One of the best ways to restore optimal vitamin D levels is through sun exposure. You could say that boosting your vitamin D levels can be a “walk in the park.” Vitamin D advocates recommend 15 minutes of unexposed skin, without sunscreen, around noon. As we can also absorb vitamin D in the small intestine, we can get vitamin D from dietary sources, including wild salmon (which contains 800 IU of D3 per 3.5 oz), cod liver oil (700 IU per teaspoon), fish, fortified orange juice, and eggs.
For those who can’t get out in the sun, an oral vitamin D3 supplement can be very helpful. As the recommended daily allowance of 400 IU of vitamin D has been shown to be inadequate for most people, Dr. Wentz generally suggests 5,000 IU per day as a starting point for her clients with Hashimoto’s.
You may also want to consider a gut-supportive probiotic like Rootcology ProB50, as 70 percent of our immune system can be found in the gut. [3] You may have to work your way up to a full dose, since this contains 50 billion colony-forming units (CFUs). You can read more about the best probiotics for Hashimoto’s here.
6. Address Your Stress
Caregivers are more likely to experience a variety of stress-related disorders, including anxiety, depression, fatigue, burnout, and feelings of overwhelm. [4] Stress is a known trigger for thyroid dysfunction. I know you already have so much on your plate, and this may feel like one more thing, but even small, supportive ways to care for your stress can make a meaningful difference over time.

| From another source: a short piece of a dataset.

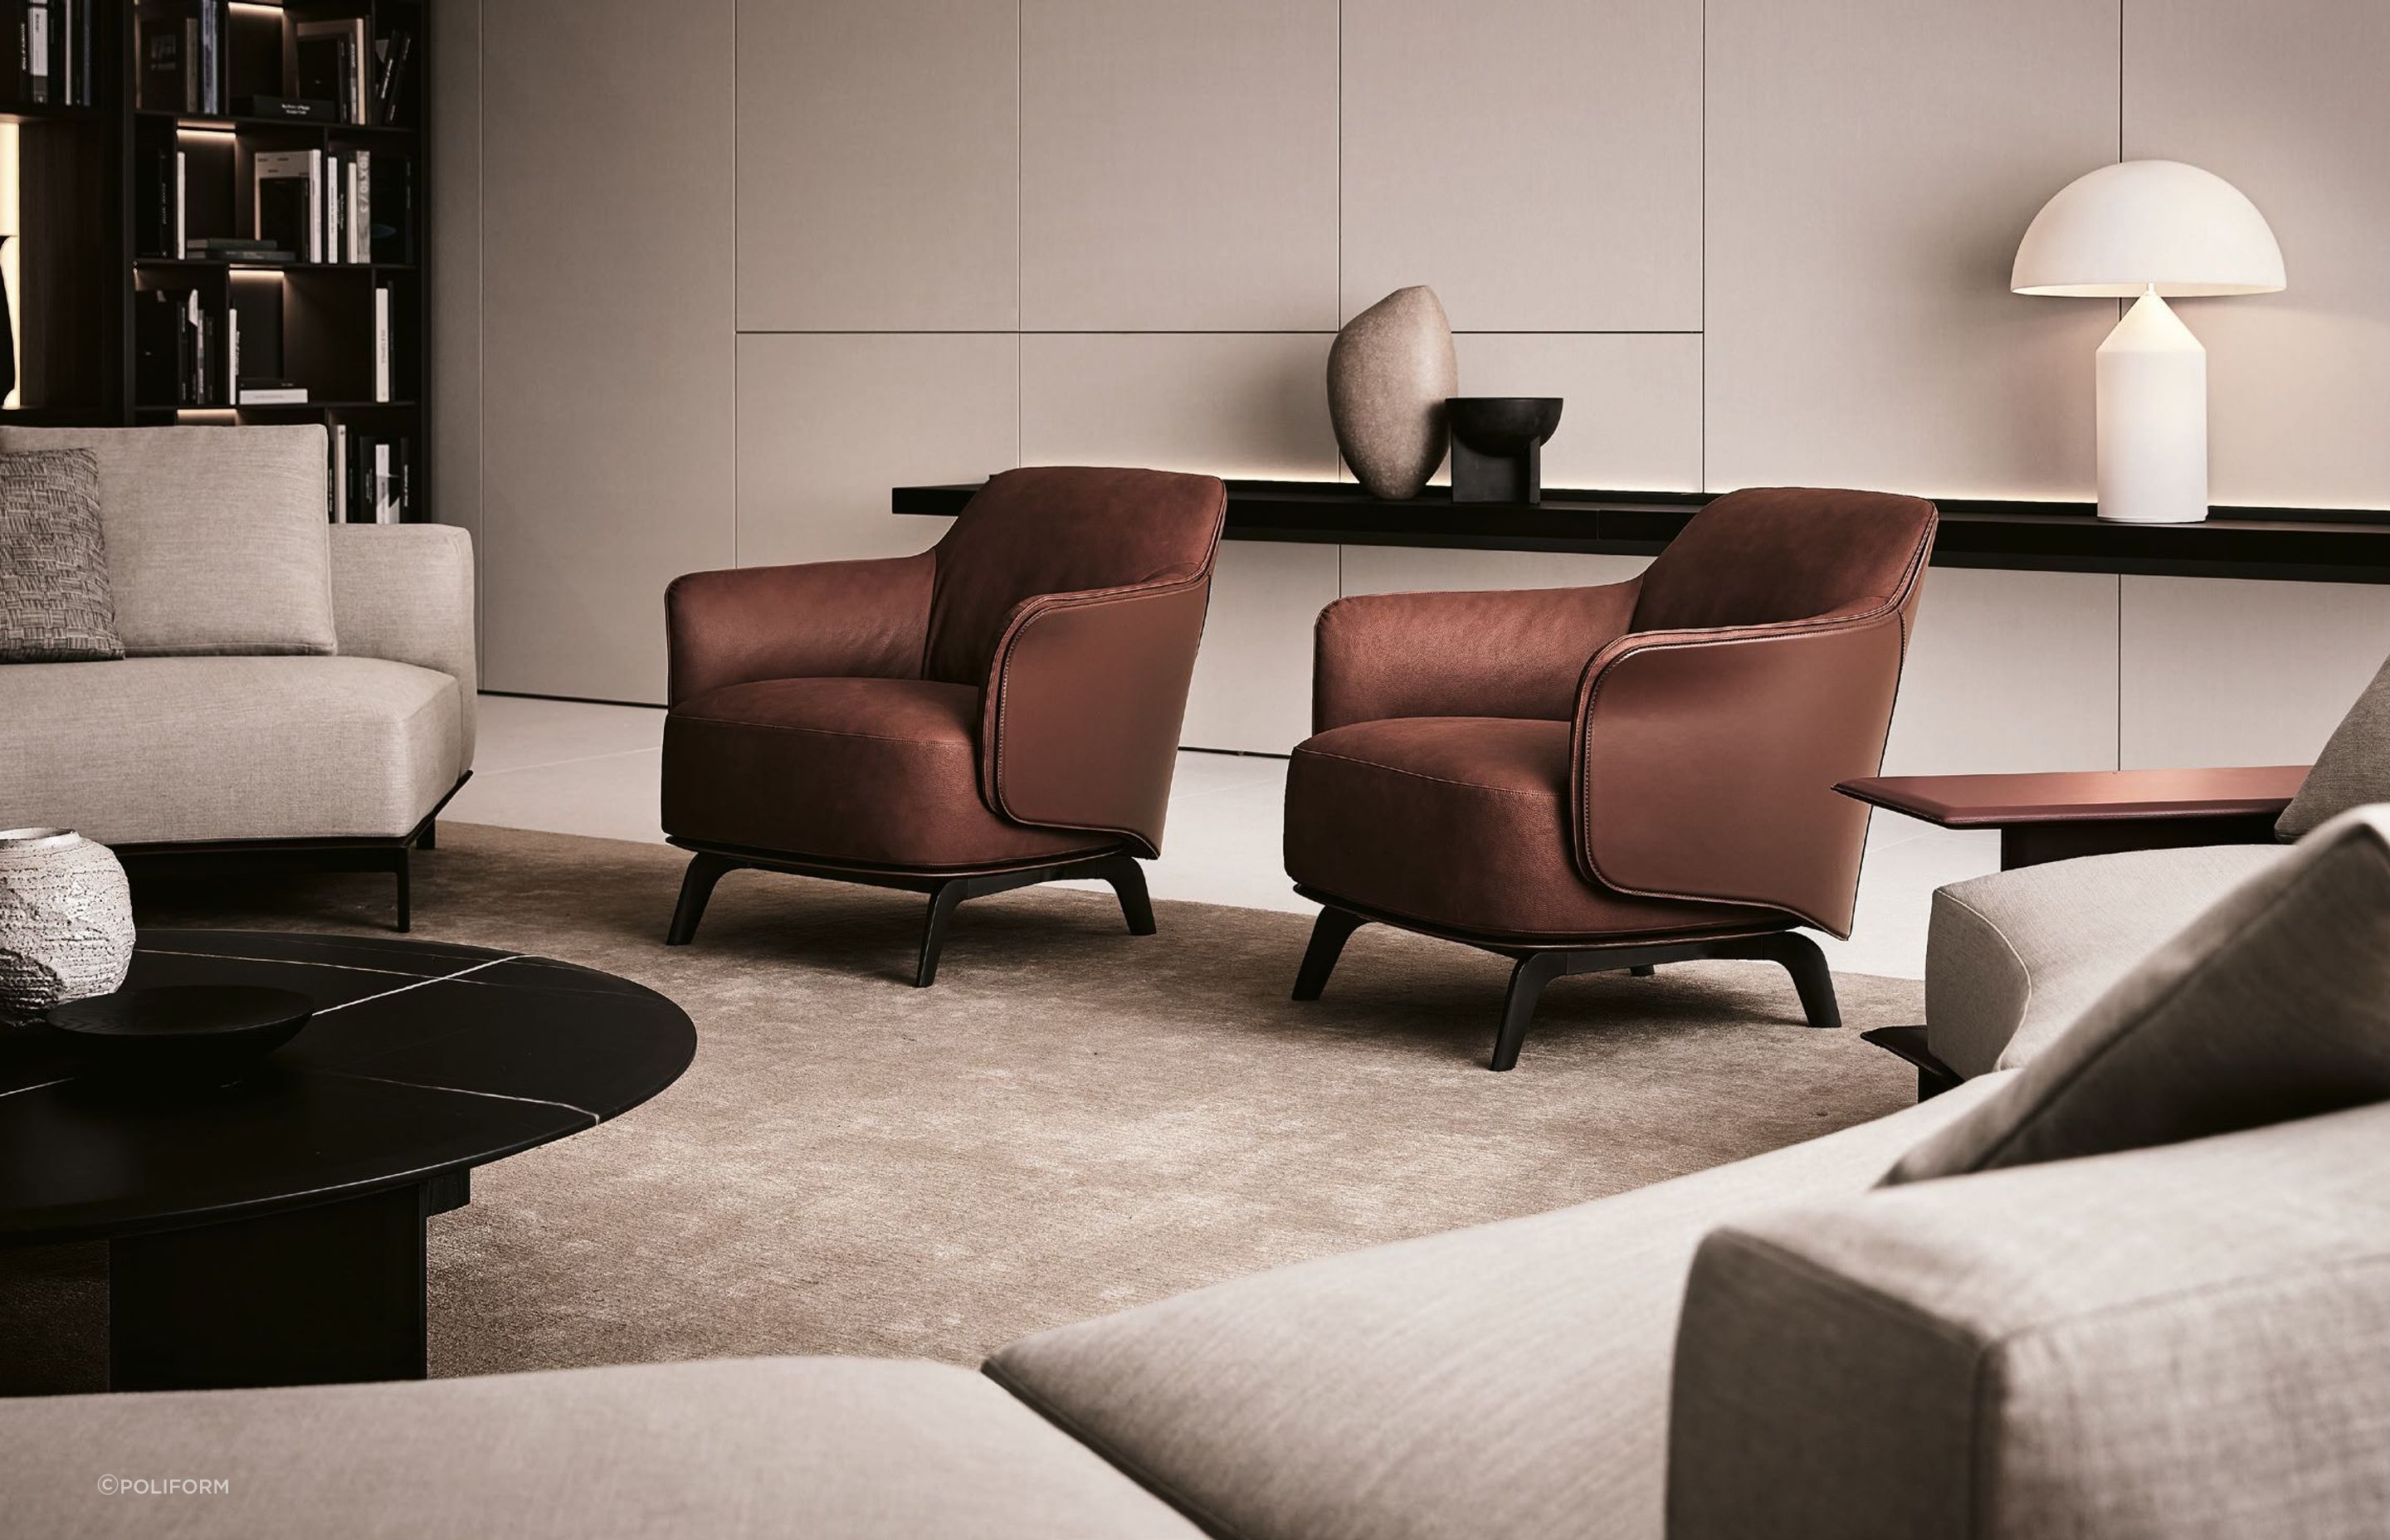 The Kaori chair by Jean-Marie Massaud adds a sophisticated element to any living space

Here are a few gentle, proven strategies to explore:
- Try adaptogenic herbs. Adaptogens have been shown to lower the impact of stress, increase our body’s resilience, and even normalize thyroid hormone function. [5] Ashwagandha is one of my favorites, and has been found to have many anti-stress properties, along with being neuroprotective, anti-arthritic, anti-inflammatory, and analgesic. [6] Another idea: MUD/WTR is a coffee alternative containing adaptogenic and brain-boosting mushrooms that support the body’s ability to deal with stress while offering a natural energy boost. Perfect for caregivers.
- Enjoy a hot soak in the tub with Epsom salt. It’s a great way to absorb some magnesium, an essential mineral that many are deficient in, and can help soothe tired muscles, help you relax, and support restful sleep.
- Try meditation. There are many free apps, such as Insight Timer, that can guide you through stress-relieving meditations and deep breathing exercises.
- Essential oils can calm the mind and relax the body. There is research showing that lavender essential oil aromatherapy can help with anxiety, depression, fatigue, and sleep.[7] Vibrant Blue even has a special thyroid support blend.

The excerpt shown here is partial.